= Silas Aiken =

American religious author and minister

Silas Aiken

Silas Aiken (Bedford, New Hampshire, 1799–1869) was an American religious author and minister. For many years he was minister at Park Street Church in Boston, Massachusetts.

Aiken was born in 1799 to Phineas Aiken and Elizabeth Patterson. The Aikens had emigrated from Northern Ireland to the Colony of New Hampshire in 1729, and Phineas Aiken was a farmer, member of the Presbyterian church, and American Revolutionary War veteran. Silas Aiken graduated from Phillips Academy, Andoverin 1819, became a Christian at age nineteen and graduated from Dartmouth College in 1825 as the valedictorian of his class. He then taught and studied at the college for three more years in preparation for the ministry. After this period, Aiken was selected as a pastor of the Congregational Church in Amherst, New Hampshire, one of the largest in the state at the time, and the congregation soon underwent a revival. In 1835 Aiken became the pastor of Park Street Church in Boston. Park Street underwent several revivals during Aiken's tenure at the church.
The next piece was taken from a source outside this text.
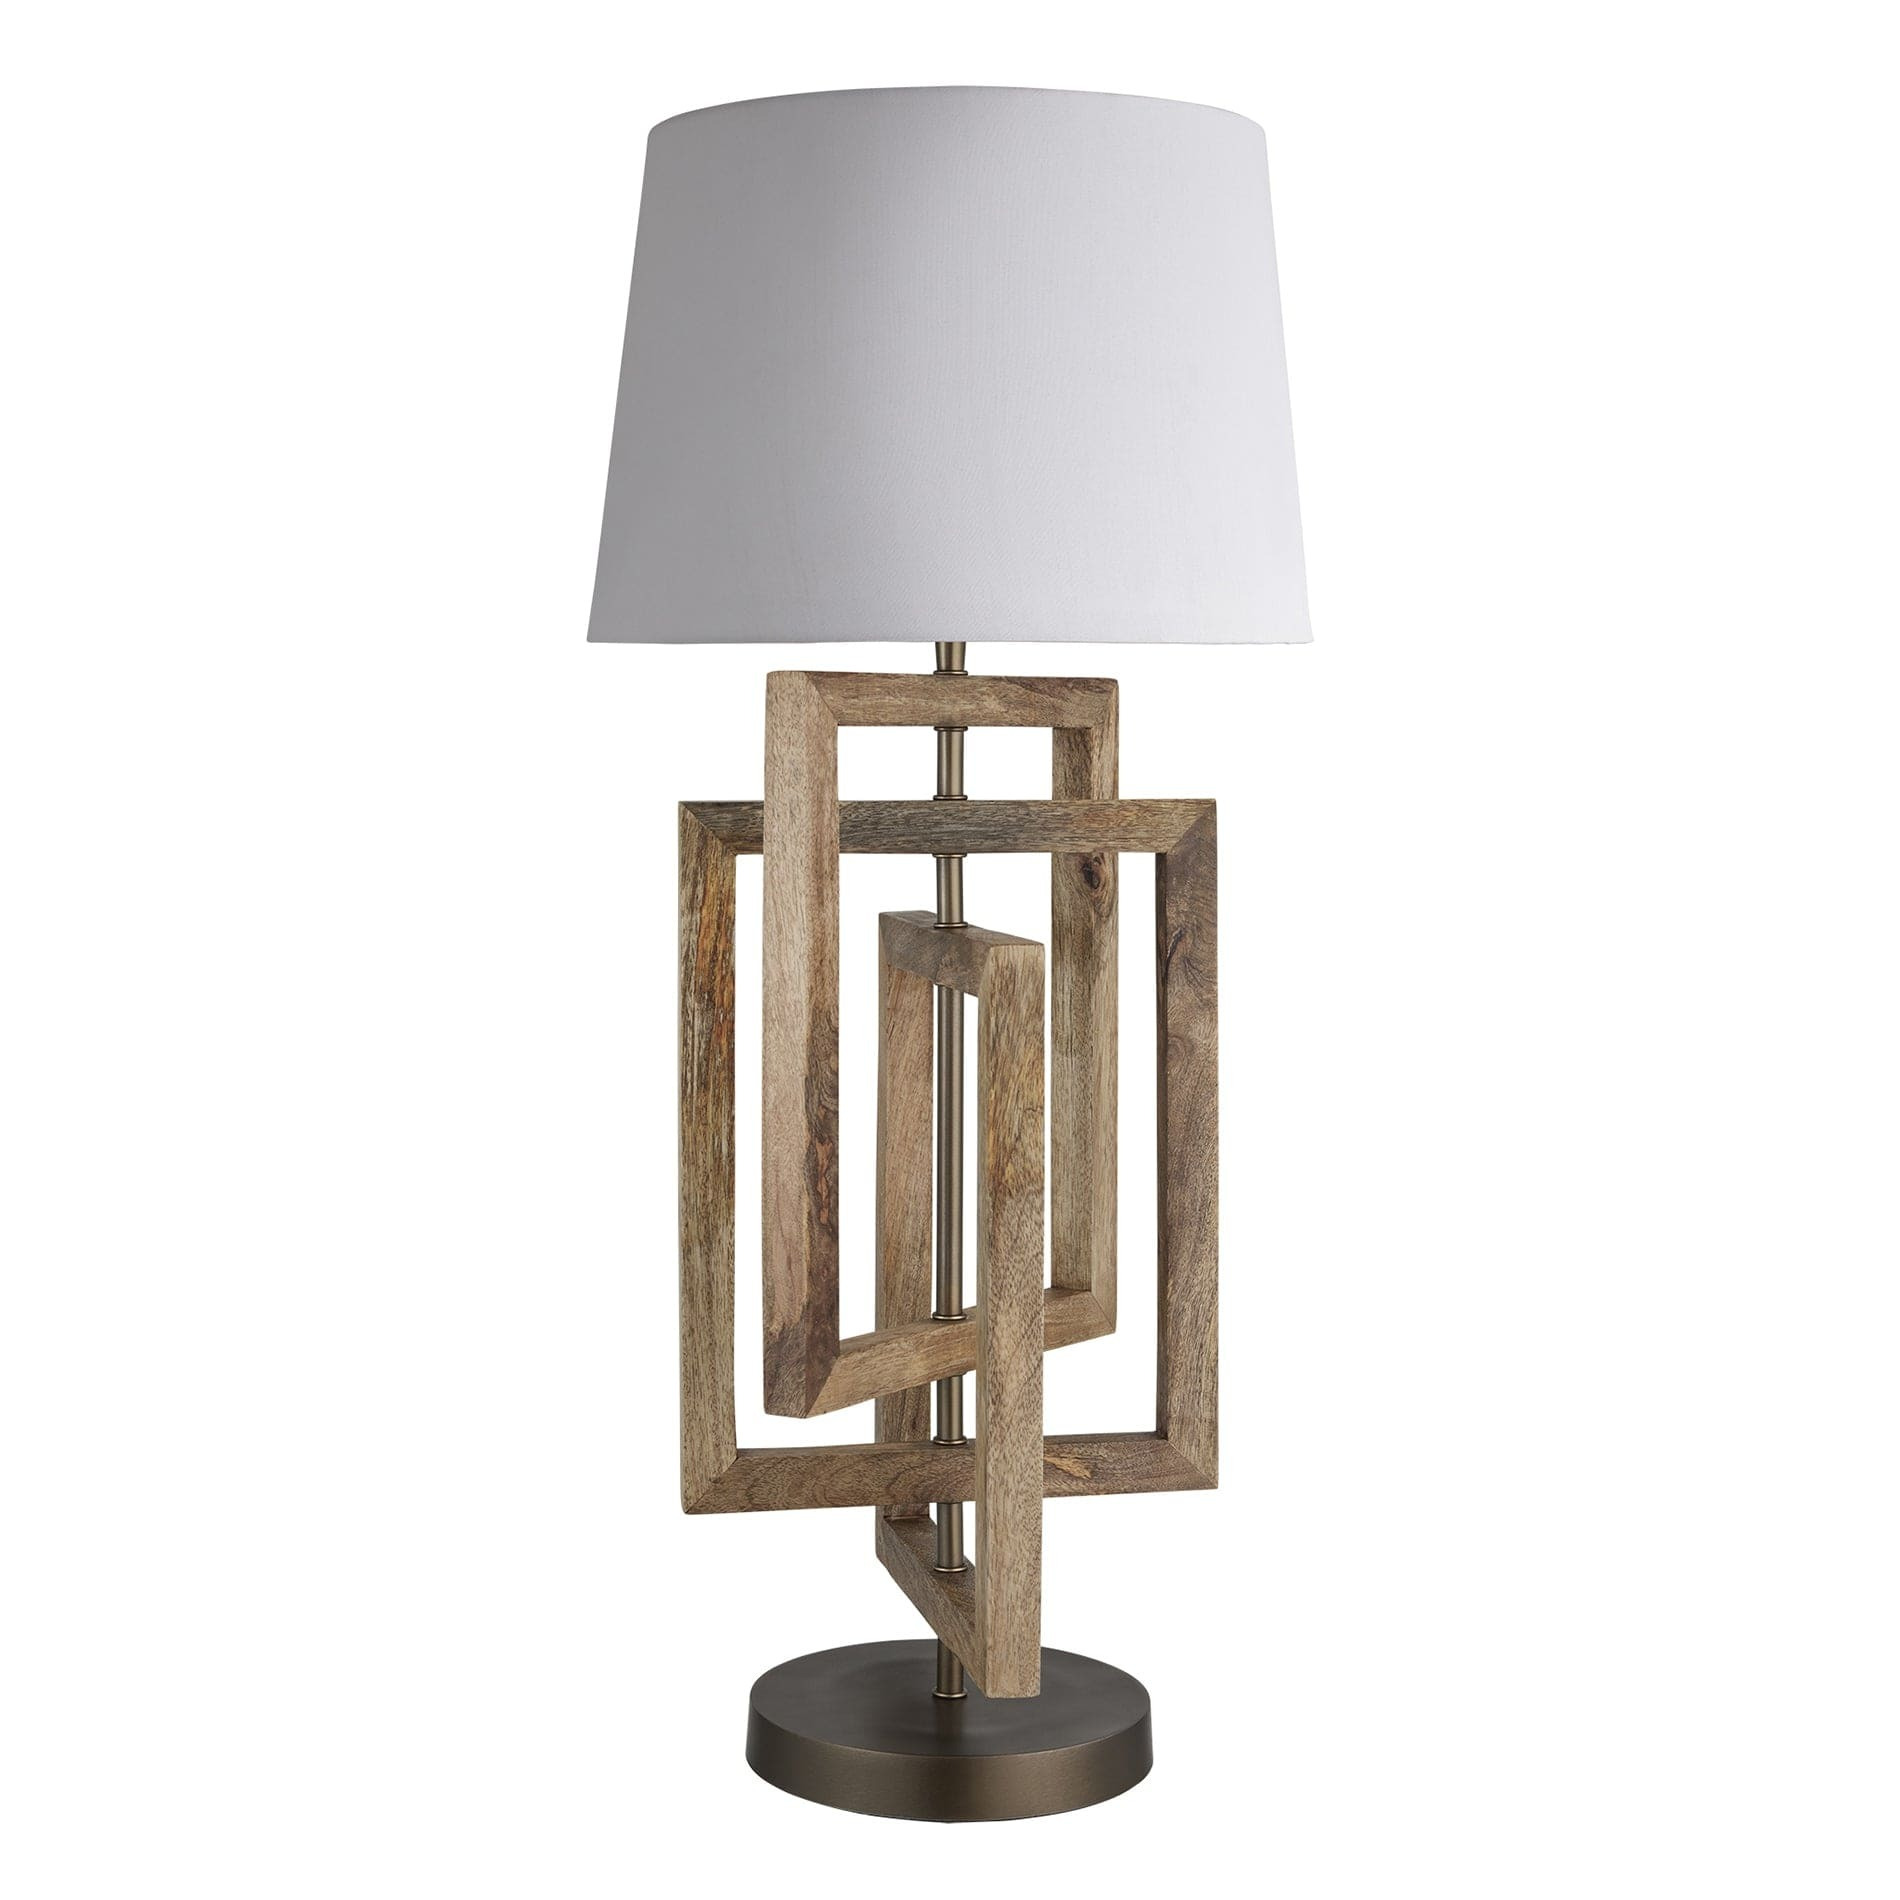 Wooden Geometric Rectangle Table Lamp - Natural
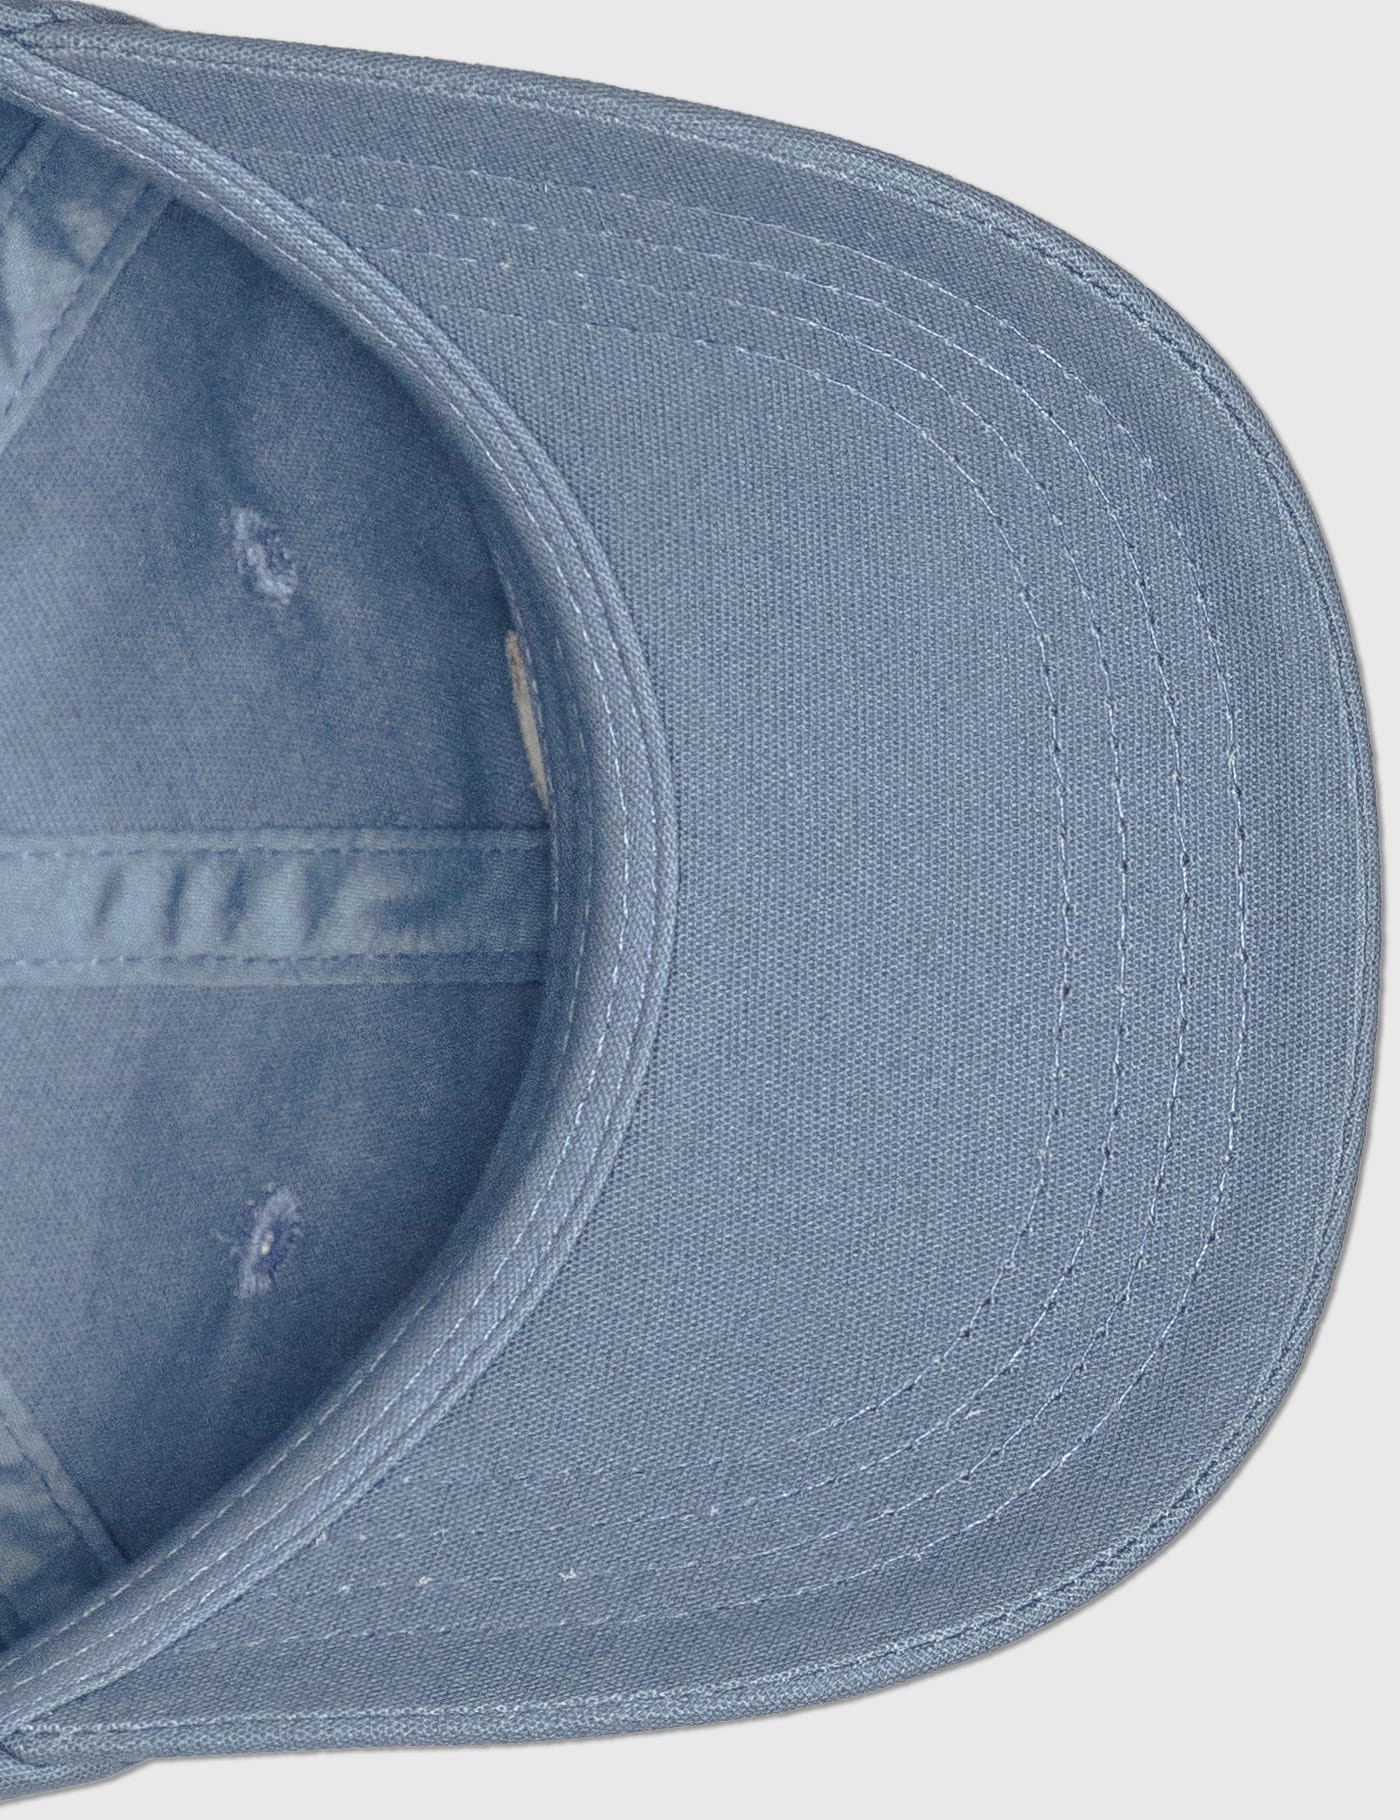 Dime - Dime Underwear Cap | HBX - Globally Curated Fashion and

While pastoring Park Street, Aiken visited every member of the church at least once per year. In 1849 Aiken left Park Street to pastor the East Parish Congregational Church in Rutland, Vermont. He later received a D.D. from the University of Vermont. Silas Aiken died in 1869 and had selected a younger co-pastor, Norman Seaver, as a successor and Seaver was serving with Aiken at the time of his death.

== Works ==

- "The duties of the churches in respect to infant baptism" (1865)
- Aiken, Silas (1848). "Posthumous influence: a sermon, occasioned by the death of Hon. Samuel Hubbard, L.L.D."